ShiningThose of us without a giddy disposition have possibly marvelled at a recent music video of Shining performing live at Trolltunga – The Devils Tongue which juts precariously off a mountain over a massive glaciated valley near Bergen Norway. It’s a real dizzying place to risk life and limb performing your art and you wouldn’t catch most bands doing this sort of thing in a million years. But that’s how Jørgen Munkeby’s black jazz crew have always rolled with their music making you just as spinning in the head department as the views from such elevated positions. Their first four albums relatively made no impact over here even if they got a release outside Scandinavia but the band burst upon the scene with their 2010 opus Black Jazz confounding and confusing people from the off and even more so as far as a few of us expecting to see Niklas Kvarforth Swedish Shining entertaining us when Enslaved brought the Norse crew over to our shores in support. It was all good though, their version of 20th Century Schizoid Man for starters virtually outdoing the King Crimson classic. With follow up album One, One, One taking things to further extremes and various visits to our shores including a particularly memorable show at Damnation Festival, Shining had well and truly made their mark so their new album was a very welcome arrival that I was very keen to hear.

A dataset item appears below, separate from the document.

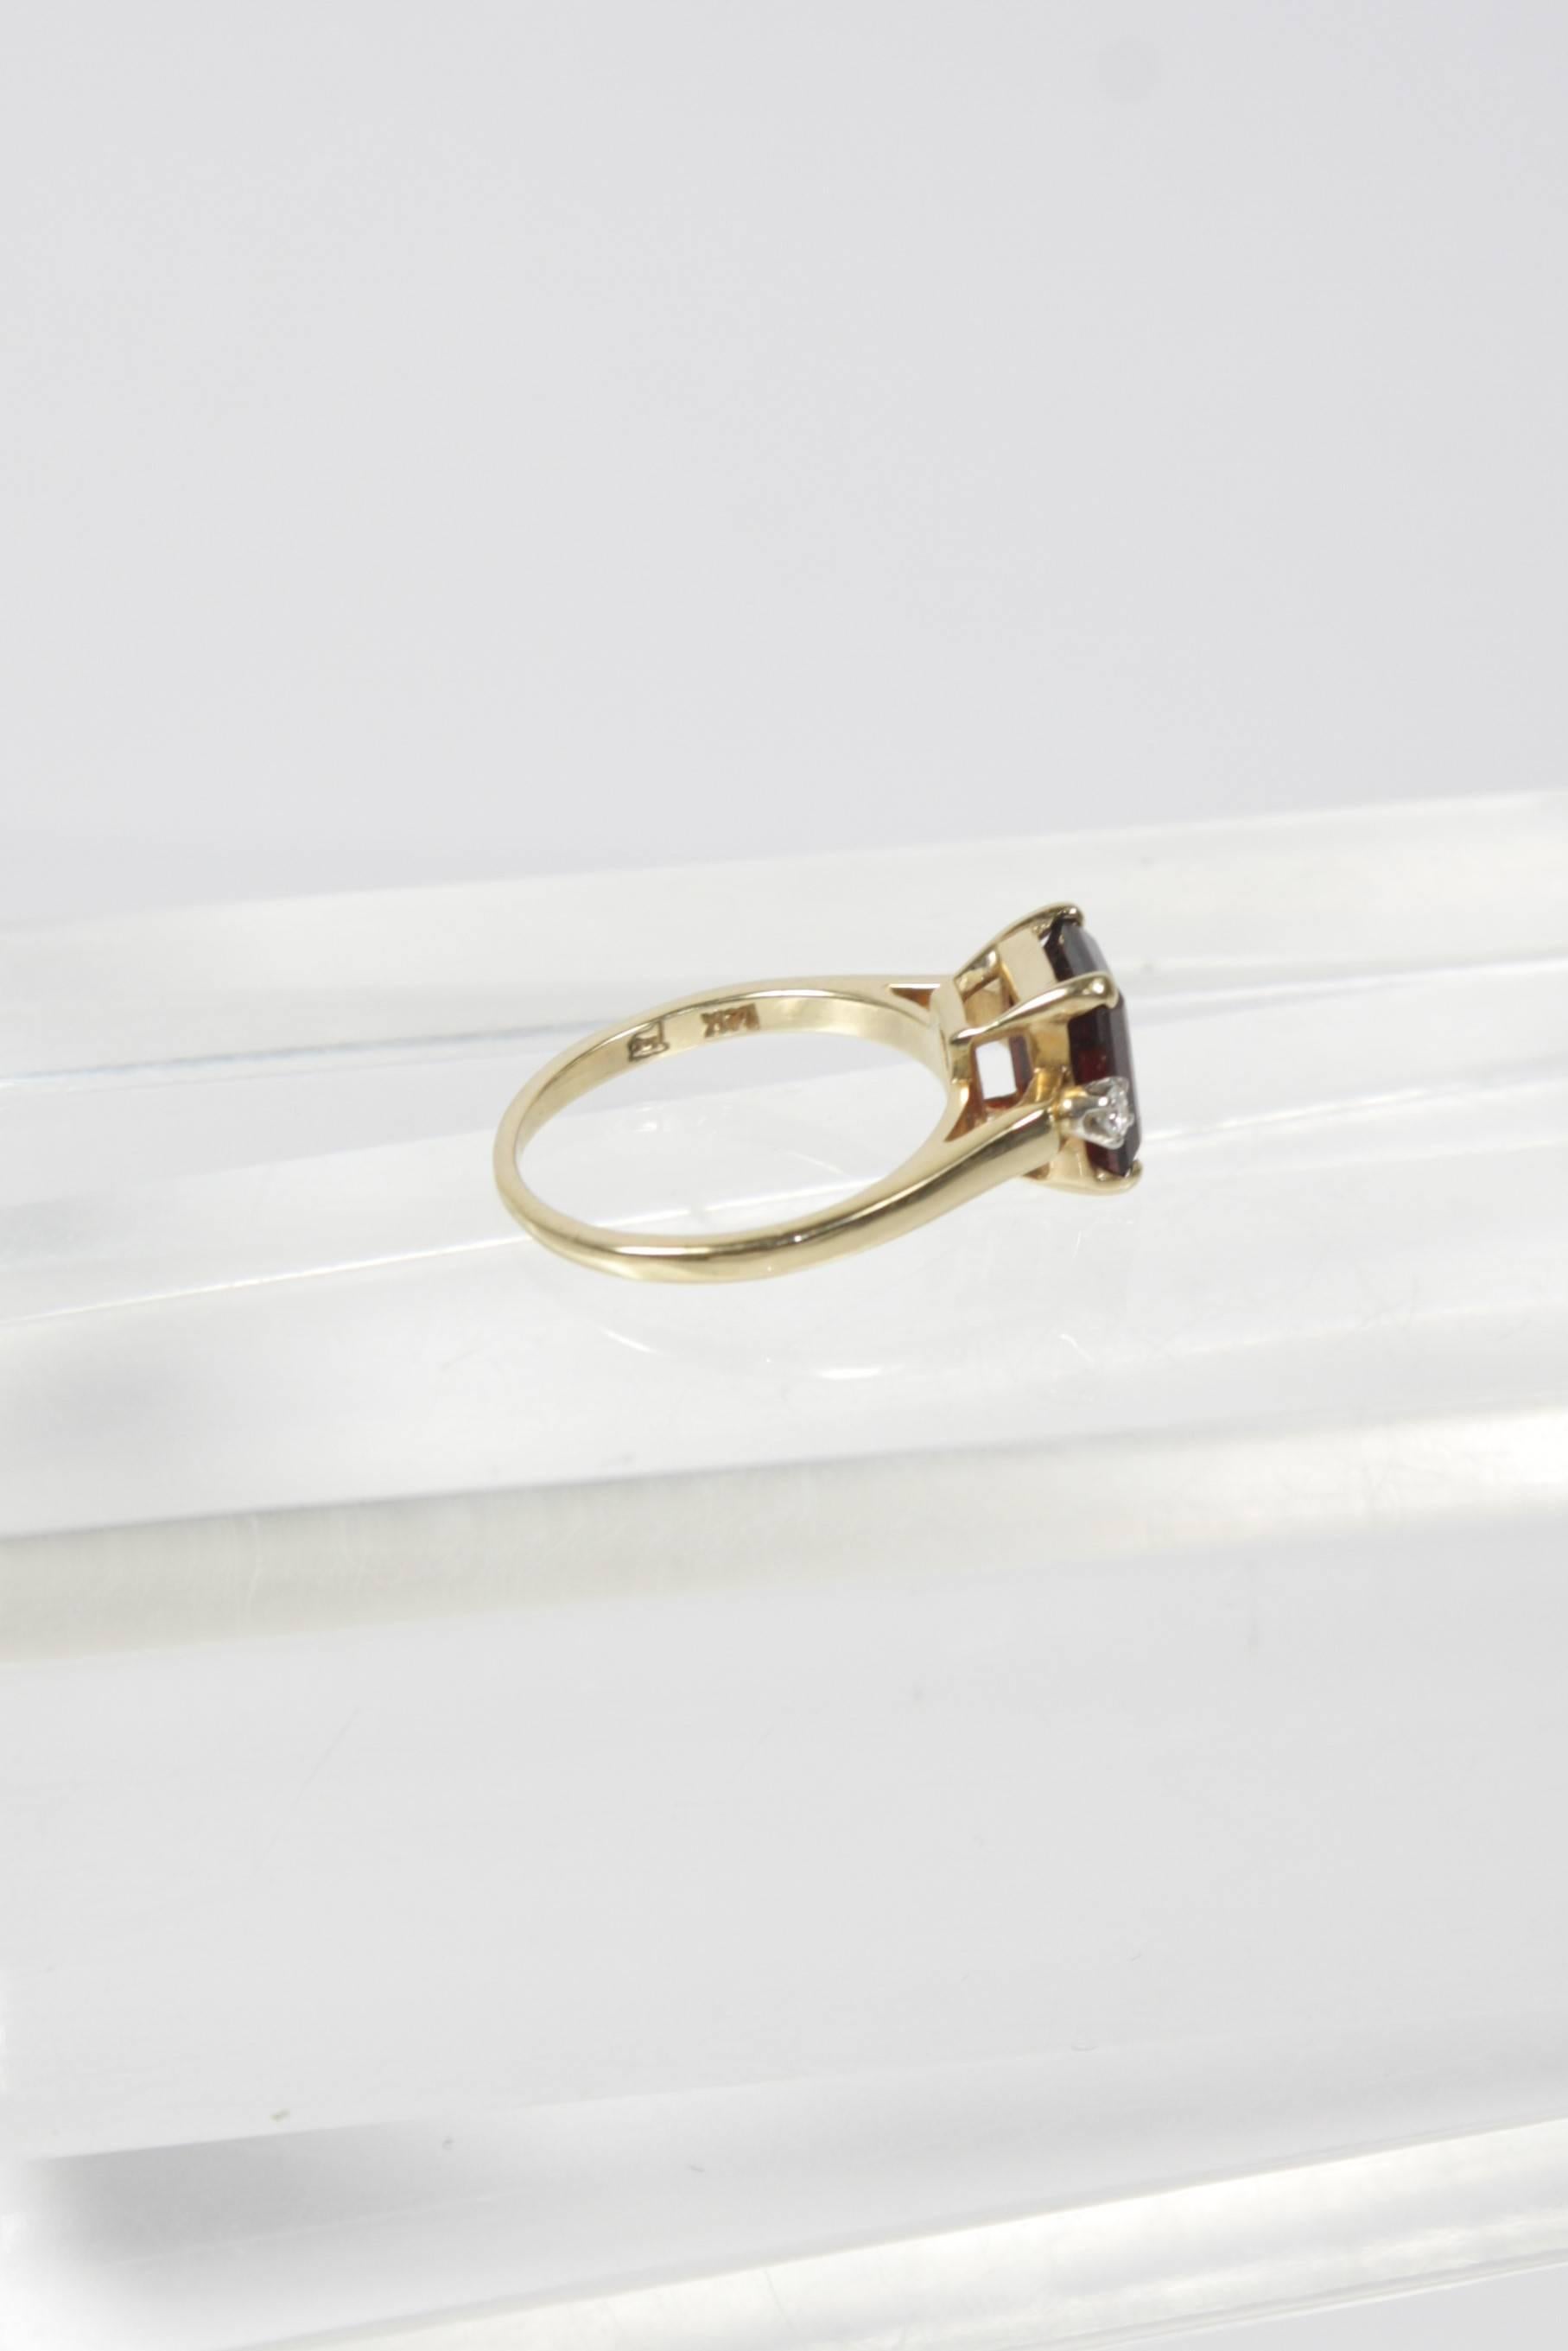 Emerald Cut Garnet and Diamond 14KT Yellow Gold Ring Size 6 3

Looking at the excellently designed yellow and black album art courtesy of Trine and Kim Design and pressing play to be rewarded with the first blast of skronky sax it’s obvious which Shining you have before you. ‘Admittance’ gained via this spiralling solo and rolling drum piece we are well and truly in the Worldwide Blackjazz Zone as the band groove on down into ‘The Last Stand.’ One thing I have noticed more on this album than the ones before it is the familiarity of songs like this one to Nine Inch Nails. Vocally Munkeby really has got his Reznor on here and so have the band musically to a large extent. Listening to this I quickly found that this and some of the other tracks here had a bit more structure to them than going off all over the shop like the band are renowned for. Yes this is a bit more straightforward, the sax is still present wailing around and the manic riffs build up into a humungous clamour but the backbone is, dare I say a bit more accessible with the hooks and claws of the chorus. You can forget all about commerciality and radio play as they inflame us with ‘Burn It All’ though. This is a swearathon of RATM proportions ‘fuck’ count around the 19 mark! After a brooding start it literally explodes into an indignant stomper that reminds of Marilyn Manson ‘Antichrist’ era. Luckily it has a bit more substance than those throwaway tunes of old and I can’t see the kids in the playground charging into pits and making it their new anthem when the band play it live. Cynic that I may be, it left me with a shit-eating grin and banging my head along from very first exposure and I duly noted it’s far too abrasive a track as it builds up and implodes for the commercial masses.

The tracks on the whole blend into each other without any pause between, something I like as an exception to the rule when done properly and here it is. The bouncy hop, skip and jump (don’t try that on a mountain overhang) of ‘Last Day’ gets its chops in and even throws some sassy harmonica into the mix as it eclectically goes from addictive chorus to more experimental instrumental licks. Piano and sax join in before Knutsen’s NIN etched keyboard sound again powers away with the addictive chorus. As the album continues it does seem like there is a real duality going down even a battle between off the wall and out there time signatures, changes and choppy avant-garde weirdness and a band on the edge of trying to be being conventional in their structuring. It works well though and kind of gives the best of both worlds. Nothing standard would allow a drum solo in the middle of a track but that’s exactly what we get here and the skewed nature of the beast still contains plenty of head spinning round 360 degree moments keeping you well and truly on your toes. Instrumental ‘House Of Warship’ is like some dark Lynchian – Burroughs nightmare on smack with the sax bringing some real jazzy expressionism to the album before Jergen takes ‘House Of Control’ into an emotional croon on a song that actually reminds a bit of The Beatles in its slow burning harmony. Really putting the boot in for a final flourish ‘Need’ is left to fling everything at the listener bringing the album to a suitably manic and hefty conclusion and leaving you wondering if silence will ever quite sound the same again. As for the black jazz society itself consider me signed up and hopefully joining other enthusiasts as the band bring the show to town.